The second point was that the Court “finds that Attorney Reich failed to reasonably investigate these claims” (Id.). Reich and DNA Sports alleged that they “consulted with several experts” as to whether the league-endorsed products contained natural IGF-1, but they “did not test these products for IGF-1 but instead relied on what it and its experts deemed ‘common sense’” (Id. at 12). Even “a cursory investigation into the Lanham Act, false advertising, and unfair competition claims” would have either revealed the missing elements, thus saving “DNA Sports’ complaint, or at least, save the league and the union the trouble of motion practice. Attorney Reich failed in this regard” (Id.).

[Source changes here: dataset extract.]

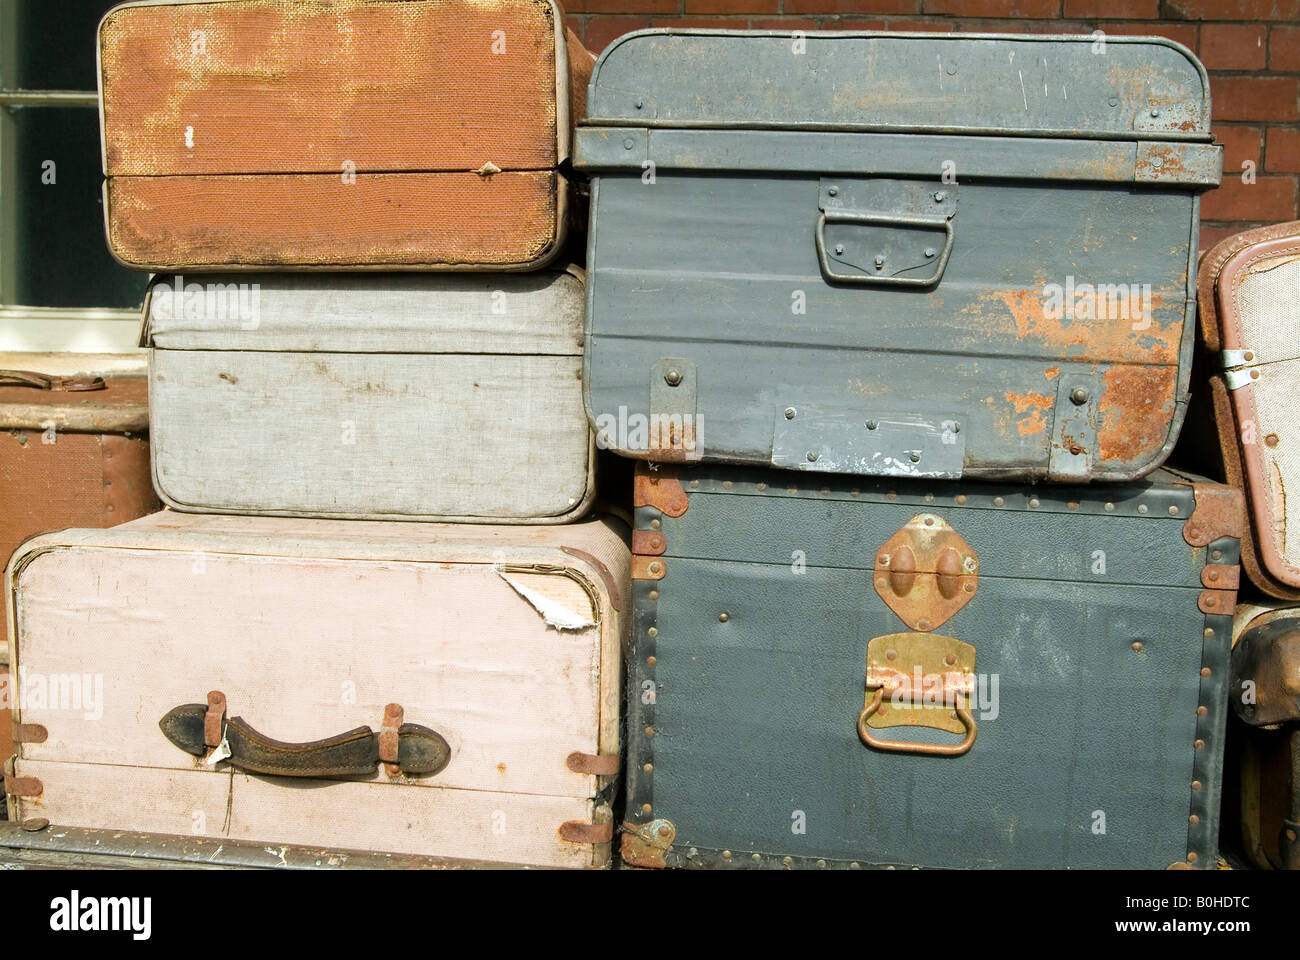 Worn old suitcases stacked on a railway platform Stock Photo

Finally, the Court “finds DNA Sports filed its complaint to harass the league and the union. DNA Sports’ history of litigation demonstrates both that this suit is brought in bad faith to vex and that dismissal alone will not dissuade DNA Sports from trying again.” This was “the sixth suit arising out of the same original circumstances against the league” and “prior dismissals and sanctions have not tempered DNA Sports’ vendetta against the league” (Id., emphasis in the original). After each dismissal, “DNA Sports has simply developed a different theory in a different court based on the same facts and continued its pursuit of the league.” A prior court had imposed sanctions but as “DNA Sports’ litigation history demonstrates, however, these sanctions have not fazed DNA Sports.” Instead, it “has continued to sue the league, affiliated entities, and now the union, despite the outstanding monetary sanction for troublesome lawyering” and thus “dismissal alone with not deter DNA Sports from filing further baseless and harassing suits” (Id.).
Moreover, DNA Sports had turned down an offer from MLB that it would withdraw its motion for sanctions if DNA Sports would dismiss with prejudice “all outstanding litigation against MLB defendants and agree to bring no further litigation against them” (Id., at 13). DNA Sports and Reich refused to dismiss the “outstanding cases against the league, proving that DNA Sports does not intend to change its conduct.” In light of DNA Sports’ “persistence, it may be that no amount of sanctions will deter it from continuing its crusade. The requested amount of fees, however, will at least compensate the union for the harm done here.” As this was their sixth case against MLB, “a full award is appropriate” (Id.).
The Court thus granted the motions for attorneys’ fees in full, granting $104,039.08 to the MLBPA and $33,407.17 to MLB, and both are due by November 20, 2020. However, since this was “Reich’s first appearance before the undersigned, and given the importance of not dissuading representation of difficult clients” the Order “will be held in abeyance to see the extent to which he engages in ongoing harassment” (Id.). Mr. Reich has some thinking to do.